Washington — A newly revealed memo authored by a Trump-allied attorney laid out a sweeping strategy for organizing Trump supporters to serve as fake electors in the wake of the 2020 election, shining new light on the origins of an alleged scheme that is central to the most recent indictment of former President Donald Trump.
The six-page memo dated Dec. 6, 2020, was authored by attorney Kenneth Chesebro and circulated among Trump campaign lawyers and associates, two people familiar with the matter tell CBS News. The New York Times obtained and published the memo for the first time on Tuesday.
The document, signed by "K.C.," was one of a series of memos crafted by Chesebro and John Eastman, a conservative attorney, that formed the proposed legal basis for the ultimately unsuccessful fake elector scheme. The indictment alleges the plan "evolved over time from a legal strategy to preserve the Defendant's rights to a corrupt plan to subvert the federal government function by stopping Biden electors' votes from being counted and certified."

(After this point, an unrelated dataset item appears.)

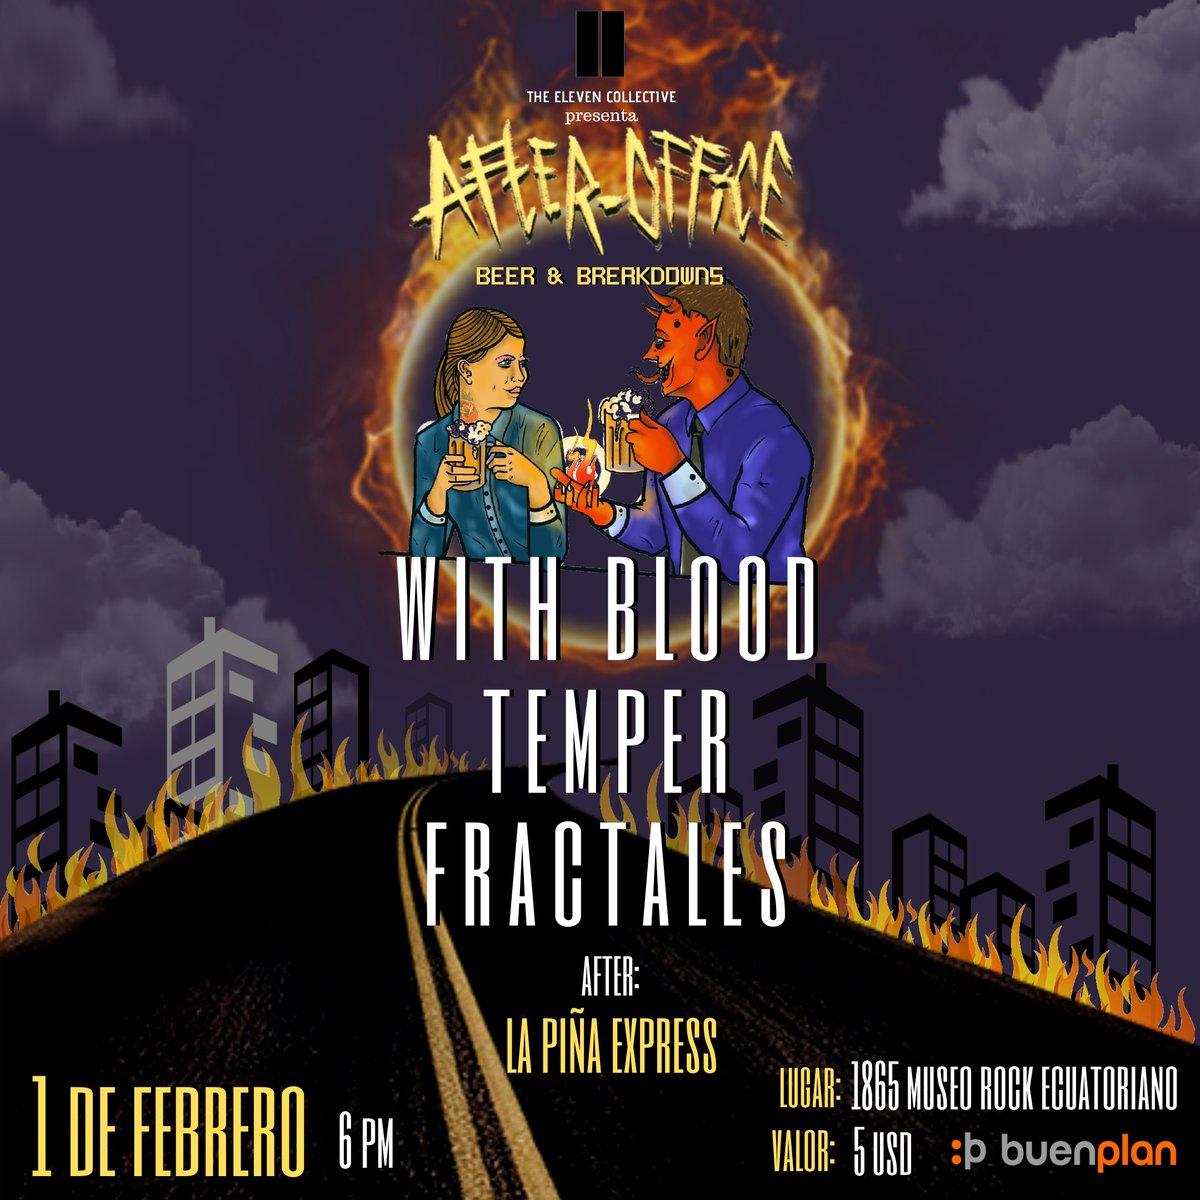 1 de febrero!  @1865MuseoRockEc #Quito #metalcore https://t.co/3DPaleYmkZ

The House select committee that investigated the Jan. 6, 2021, assault on the Capitol cited two other memos written by Chesebro in its final report, but the committee apparently didn't obtain the Dec. 6 document. One Trump campaign lawyer who testified before the committee said he remembered seeing the document but lost access to his emails after he left his job.
But CBS News has learned that special counsel Jack Smith has all or nearly all of the Trump campaign's emails, including documents that were coming in and out, a possible explanation for how prosecutors obtained the Dec. 6 memo.
What the Chesebro memo says
The memo was dated exactly one month before Jan. 6, 2021, when Congress would meet to count the Electoral College votes and seal Joe Biden's victory in the 2020 election.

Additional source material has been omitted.